CDG Dumplings, Cho Dang Gol

Cho Dang Gol calls itself the most famous Korean restaurant in New York City. We found ourselves there one Friday evening not so long ago, on one of the first truly chilly nights of the fall, along with lots of families and couples, most speaking Korean. Sometimes, we suppose, you can find truth in advertising. We began with CDG dumplings, almost vacuum-packed with pork and shrimp.

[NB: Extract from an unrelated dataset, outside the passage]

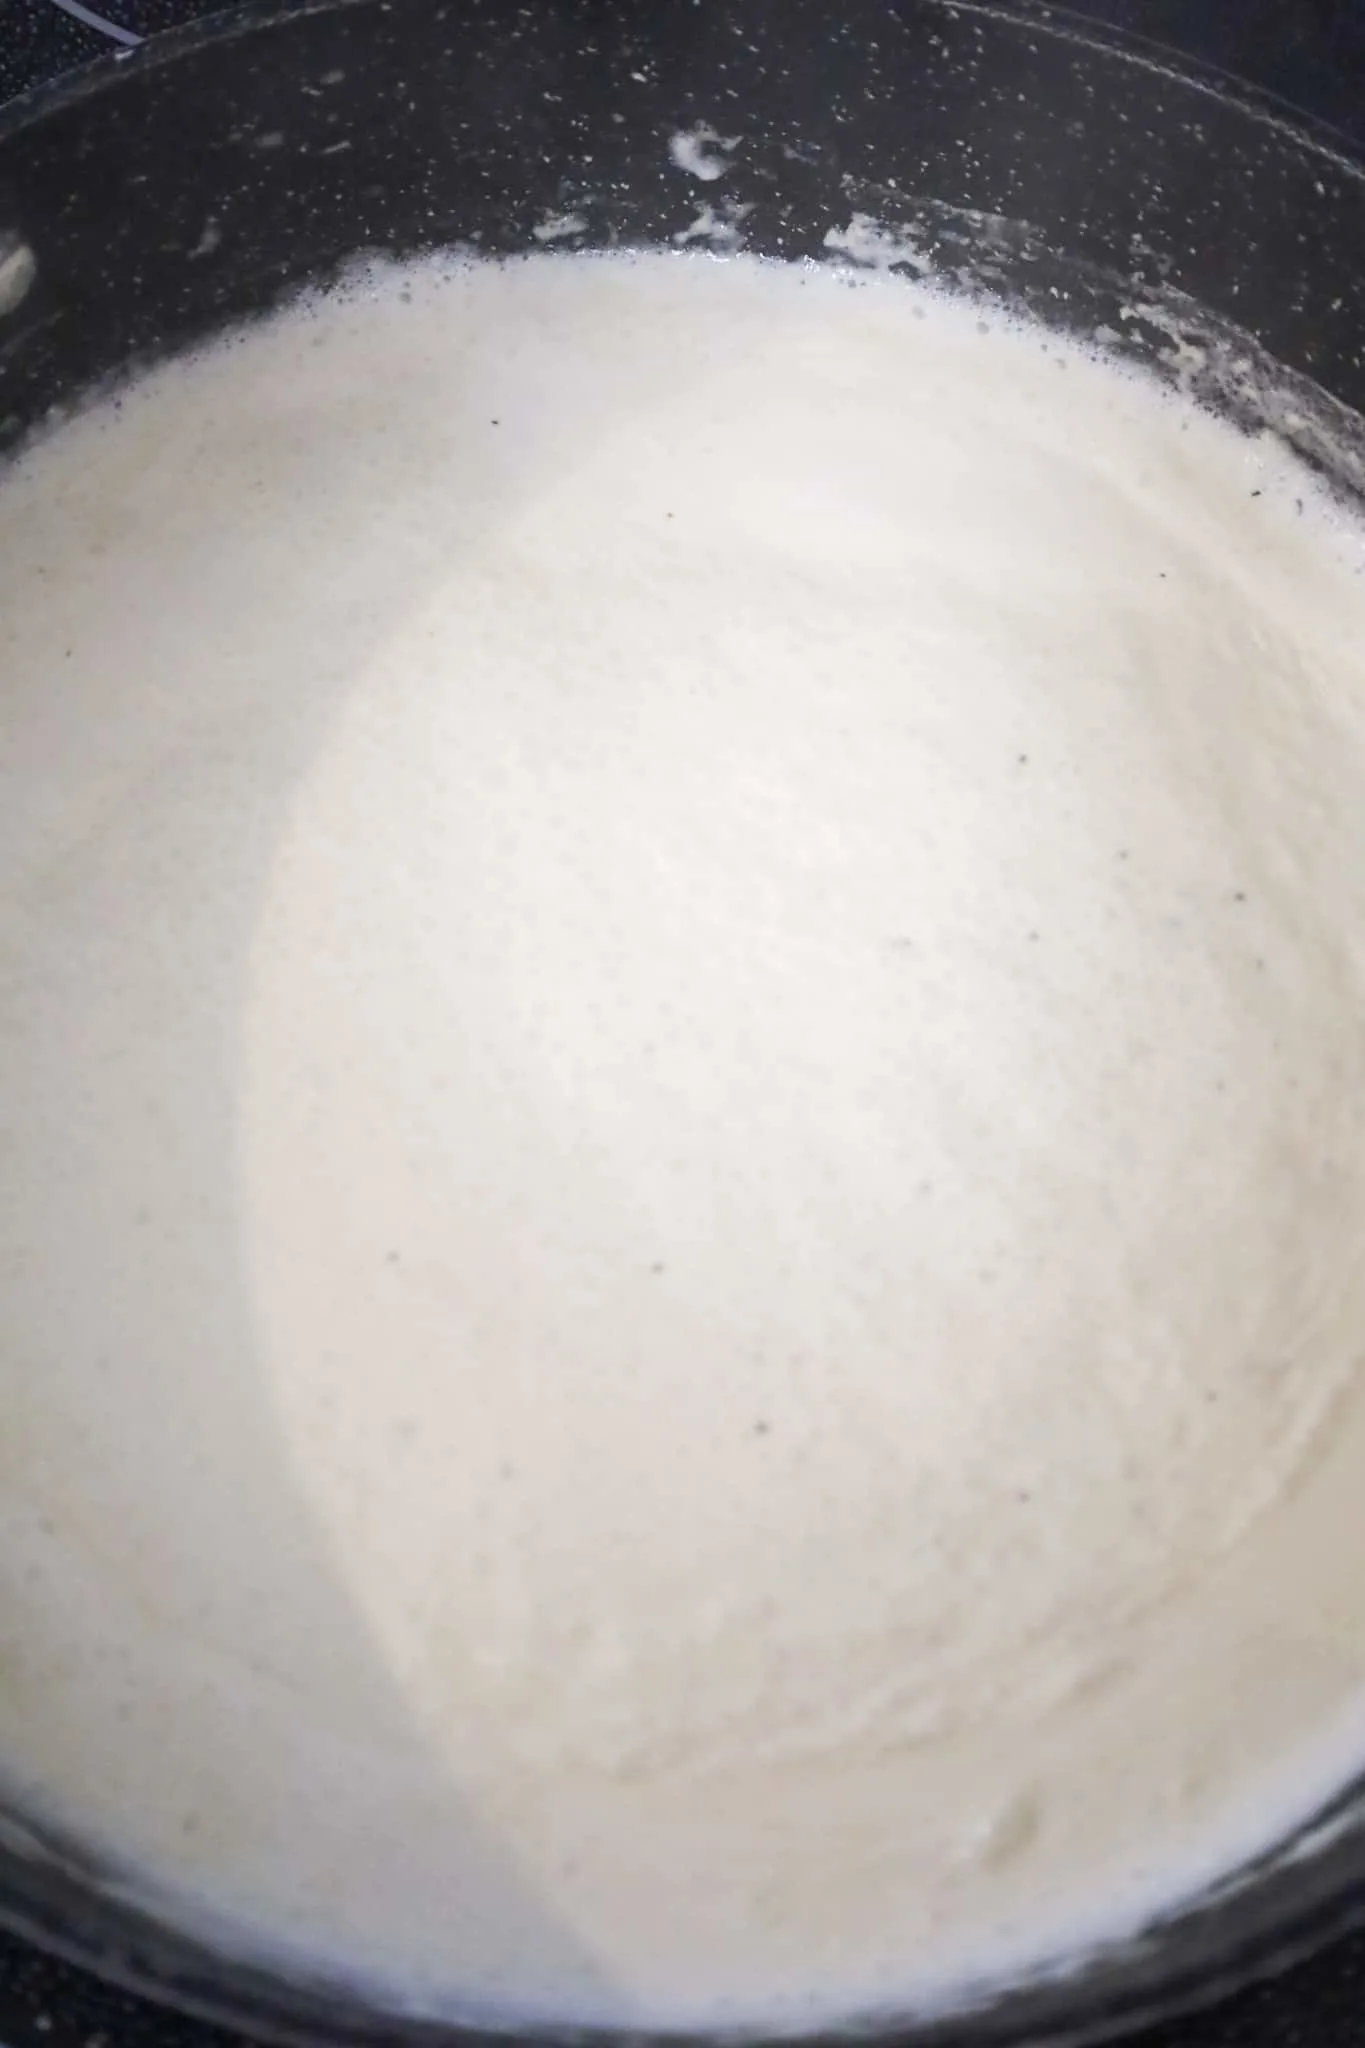 creamy sauce simmering in pan

Shrimp bibimbap, Cho Dang Gol

Bibimbap was our reason for visiting, and alas was the weakest part of the meal. The baby shrimp and veggies were fresh and fine, but the rice lacked the char that makes this dish so special and so texturally revelatory. Truthfully, the kinda mushy rice let us down. 

Banchan, Cho Dang Gol

Behold, the banchan. Of particular note is the homemade tofu, a "soft white custard [with] the texture of overwhipped cream," as Ruth Reichl noted in her 1998 review (above, far right). Not much has changed since then as far as the fermented soybeans go.

The kimchi biji was a mini cauldron of meat and spice, a flavorful stew of pork and more soybeans and pickled vegetables. Cho Dang Gol's website doesn't explain what makes it the most famous Korean restaurant in the city --- only that it is. We'd hazard, however, that this soup has something to do it.